Nach-Brexit-Verhandlungen: Johnson nimmt Grenzkontrollen in Kauf

Boris Johnson, im Hintergrund EU-Chefverhandler Michel Barnier
Der britische Premier soll lockerere Handelsbeziehungen zur EU prüfen. Vorbild könnten Vereinbarungen mit Australien sein.

Die britische Regierung schließt einem Insider zufolge nicht aus, künftig relativ lockere Handelsbeziehungen zur EU zu unterhalten. Premierminister Boris Johnson prüfe die Option eines Handelsabkommens nach dem Vorbild der Vereinbarungen zwischen der EU und Australien, sagte ein Regierungsvertreter am Samstag.

"Es gibt nur zwei voraussichtliche Verhandlungsergebnisse - ein Freihandelsabkommen wie mit Kanada oder eine lockerere Vereinbarung wie mit Australien - und wir gehen beiden gerne nach", sagte der Regierungsvertreter. Mit Australien führt die EU seit 2018 Gespräche über ein Freihandelsabkommen, sie sind noch nicht abgeschlossen.

Rede am Montag

Johnson soll am Montag eine Rede zum Thema Handel halten, nachdem die Briten in der Nacht zum Samstag nach 47 Jahren aus der EU ausgeschieden sind. Bisher hat er signalisiert, ein Abkommen nach dem Kanada-Modell zu bevorzugen.

Johnson will Großbritannien von der Bindung an EU-Regeln freimachen. Dafür nehme er auch Grenzkontrollen in Kauf, zitierten britische Medien nicht näher genannte Regierungsquellen.

Der Premier wolle die Karten auf den Tisch legen und in Brüssel ein Freihandelsabkommen nach dem Kanada-Modell vorschlagen, meldete die Nachrichtenagentur PA. Der Vertrag zwischen der EU und Kanada enthält viele Handels- und Zollerleichterungen. Im Gegenzug wolle Johnson die EU-Standards beim Umweltschutz, bei Arbeitnehmerrechten und Lebensmittelhygiene nicht lockern.

Barnier spricht ebenfalls über Verhandlungsziele

Auch der EU-Chefunterhändler Michel Barnier wird am Montag vorstellen, was er in den Gesprächen mit London erreichen will. Sein genaues Mandat bestimmen jedoch die 27 bleibenden EU-Staaten.

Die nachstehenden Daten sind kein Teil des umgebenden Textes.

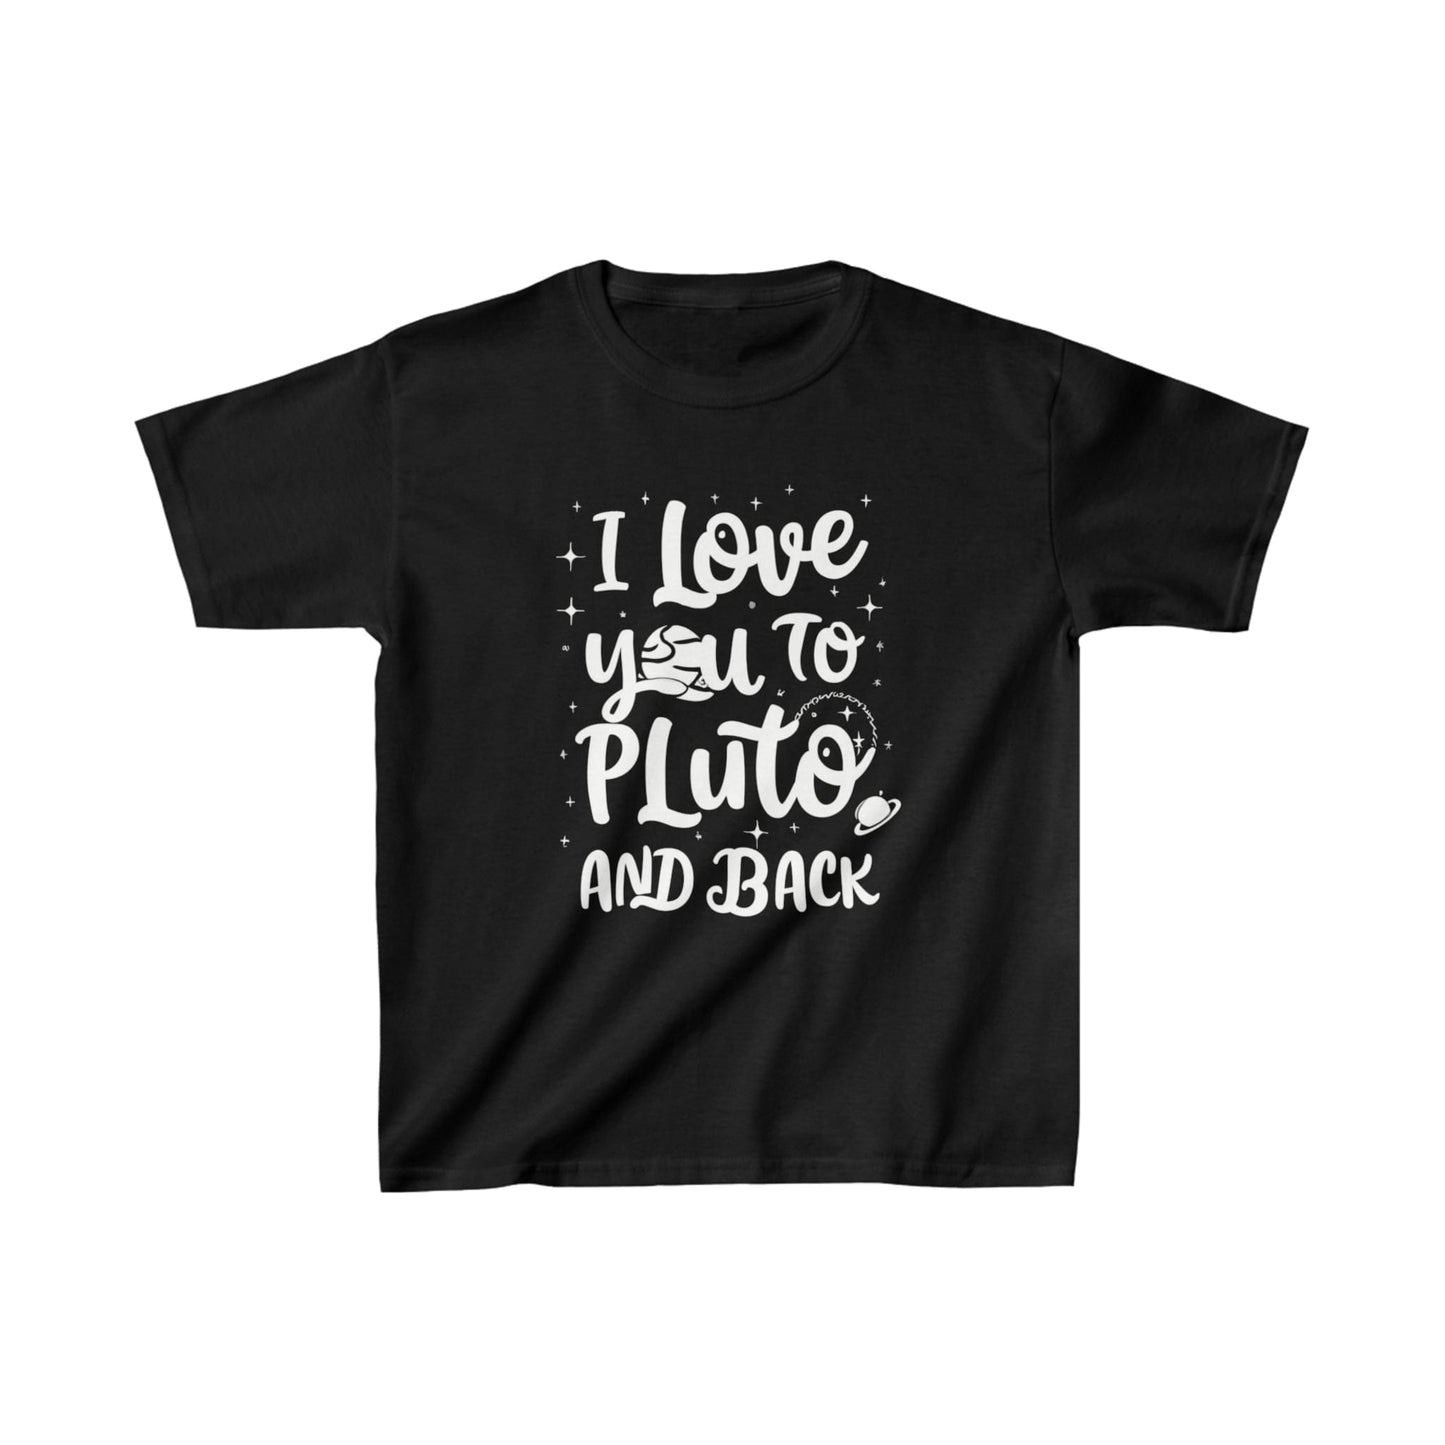 Kids clothes XS / Black Youth Pluto And Back T-Shirt

Nach dem Ausscheiden aus der EU in der Nacht zum Samstag ist Großbritannien in eine Übergangsphase eingetreten, in der fast alles wie vor dem Brexit bleibt. Bis Ende des Jahres wollen sich beide Seiten auf Regeln für die künftigen Beziehungen einigen. Gelingt das nicht, droht wieder ein harter Bruch. Kritiker halten die Übergangsphase angesichts der komplexen Themen für zu kurz. Eine Verlängerung ist zwar möglich, wird aber von Johnson strikt abgelehnt. Die Verhandlungen zwischen der EU und Kanada über ein Freihandelsabkommen hatten mehrere Jahre gedauert.

Regierungsumbildung als "Valentinstag-Massaker"

In Großbritannien wird eine angekündigte Kabinettsumbildung mit Spannung erwartet. Die britischen Zeitungen sprechen bereits von einem "Valentinstag-Massaker". Welche Politiker künftig am Kabinettstisch und in den Beratergremien sitzen, wird den Regierungskurs und damit auch die Brexit-Verhandlungen entscheidend beeinflussen. Form und Zuschnitt des künftigen Kabinetts sind allerdings noch nicht beschlossen.

"Johnson will eine schlanke und effektive Regierung", sagt der Ökonom Iain Begg von der London School of Economics (LSE). Sicher ist, dass das Brexit-Ministerium wegfallen wird.

Hinzukommen könnte Begg zufolge hingegen eine Art "Nordengland"-Ministerium, das sich um die Landstriche kümmert, die Johnson bei der Wahl Mitte Dezember seine komfortable Regierungsmehrheit bescherten.

Auch in den unteren Ebenen der Ministerien sind Umwälzungen wahrscheinlich. Johnson hat einen schlechten Stand bei den Ministerialbeamten, denen er wiederholt vorgeworfen hatte, den Brexit zu torpedieren. Sein wichtigster Berater Dominic Cummings hatte Anfang Jänner in einem Blogbeitrag "Weirdos and Misfits" ("Verrückte und Außenseiter") aufgerufen, sich für Regierungsjobs zu bewerben. Sie sollen die Regierung kreativer und effizienter machen.